Stating that "containers don't contain" implies that it's not just a specific bug, but that architecturally the process is flawed (at least IMHO), which I would suggest is at the least an over-simplification.

as to contained.af, well if it was indeed "trivial" then surely not a large reward would be required :)

so a) and b) are common in practice. these were not obscure boundary conditions or a corner case. and it was very trivial to exploit.

"all software has vulns" is a slippery slope is my overarching point. you can't use that to say that the the security risks and isolation are comparable to gvisor. gvisor does away with a very significant amount of attack surface in the linux kernel and reimplements it in golang, which eliminates many bug classes.

for a realistic risk assessment you should consider the linux kernel as a bottomless barrel of memory management bugs, which are exploitable from within a container, whereas gvisor will have a much more finite set of bugs

On our team we've got extensive experience in finding compromises in this area, particularly in kernels, and that is why I am adamant that one should not think what docker provides meets the bar for best practices in a security critical environment. Something like gvisor would much more fit the bill.

The original point I was making what that dismissing container isolation with the trope "containers don't contain" is overly simplistic, not that I thought that docker/runc containers with a default profile had as small an attack surface as gVisor.

Generally the security of a piece of software isn't considered fundamentally flawed just because it has a security bug, otherwise pretty much every piece of software would be in that bucket by now. As such dismissing containers using that trope based on a bug which wasn't discovered when the trope was coined (by Dan Walsh IIRC) doesn't seem appropriate.

There have been (AFAICR) three breakouts that would affect a default Docker installation in the last 3-4 years (Dirty C0w, WaitID, and the runc issue). That doesn't feel like a particularly high incidence, and gVisor has had at least one in it's shorter lifespan...

If it's always trivial to breakout of docker/containerd/runc containers as (if I'm understanding you correctly) you appear to be implying and which is what appears to be implied by the trope, then I imagine people will be making good money from bug bounties for a long time as a lot of companies are creating platforms which execute semi or untrusted code in runc containers.

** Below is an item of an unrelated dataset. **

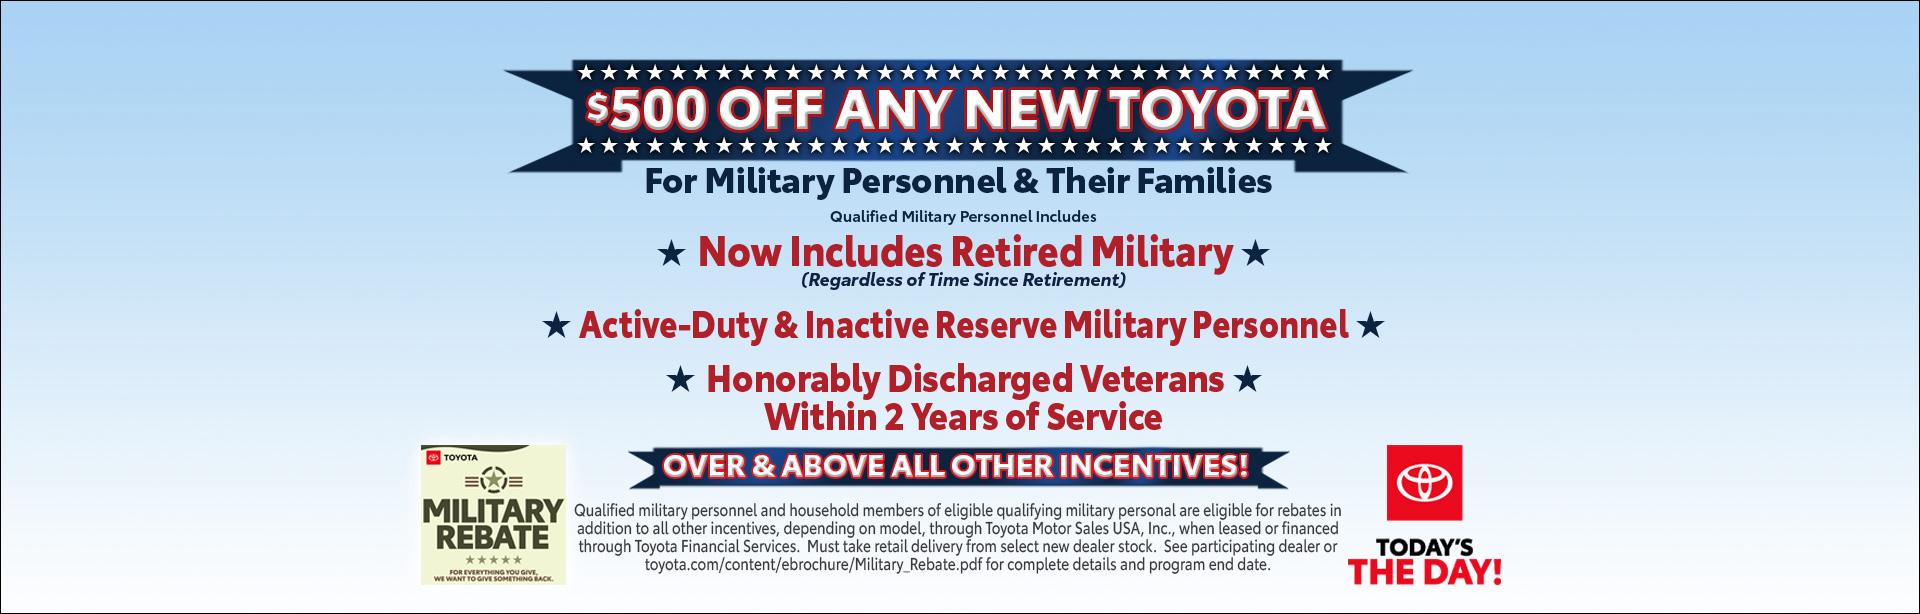 10-20_01_Cincinnati-October-2020-CN-Military-Rebate_1920x614_2af0_All-Models_O_xta.jpeg

I'm not sure that it is overly simplistic, I think the statement that "containers do not contain" is an intentional oxymoron that points to some ground truths. These ground truths are that a process in a container is running in the same kernel, and although namespaces are meant to isolate some set of resources from other processes, and there are still very many shared resources that might not be isolated at all. This means a lot of attack surface, and exploiting the kernel will grant access to the other processes on the system.

In terms of quantity, 4 is not an accurate picture. I haven't sat down to analyze CVEs (https://www.cvedetails.com/product/47/Linux-Linux-Kernel.htm...), but say out of 50 practically exploitable kernel memory corruption bugs/year 4-5 new bugs every year are reachable from some common namespace configuration for a container. And this just marks what is publicly disclosed, which is a subset of the vulnerabilities attackers know about.

Bounties arent the only outlet for these, see: VEP.

So (as I'm sure you know) linux container isolation isn't just a product of namespaces, but namespaces+capabilities+cgroups+(SELinux/Apparmor)+seccomp-bpf. Each one of those layers provides some aspect of isolation and for a Linux kernel exploit to succeed in escaping a container it needs to bypass/compromise each one (or as in the case of the runc vulnerability occur prior to the sandbox being fully established).

So just taking Linux kernel bugs as a metric doesn't really apply.

That's why I gave the list I did, as those are the only ones which I'm aware of which can bypass all the layers of isolation in a standard Linux container.

If the ground truth "containers don't contain" applies, then it appears you're saying that Linux is innately and architecturally unsuitable for multi-user/process use, which seems like a fairly bold statement given its prevalence...

After all, all a container is, is a Linux process with Linux isolation mechanisms applied to it...

bingo. one should always assume that userland access on a linux box is a short step away from full system privileges and active exploits are ready for use by an attacker.

docker has started adding hardening with SELinux+Seccomp because theres a realisation that the linux kernel bugs keep coming, but this is just a bandaid. the other problem with this approach is that in practice a hardened config is too restrictive for real-user use and has real maintenance cost so most will never use them (as argued by others in this thread for why the gvisor approach is superior). AppArmor is very poorly maintained, buggy, and not a practical solution

If you do cybersecurity work and Zerodium bug bounties for your stack are less than your yearly wages, you are honor-bound to offer your resignation and request that the company use your salary towards bug bounties.

Fortunately zerodays aren't commonly used.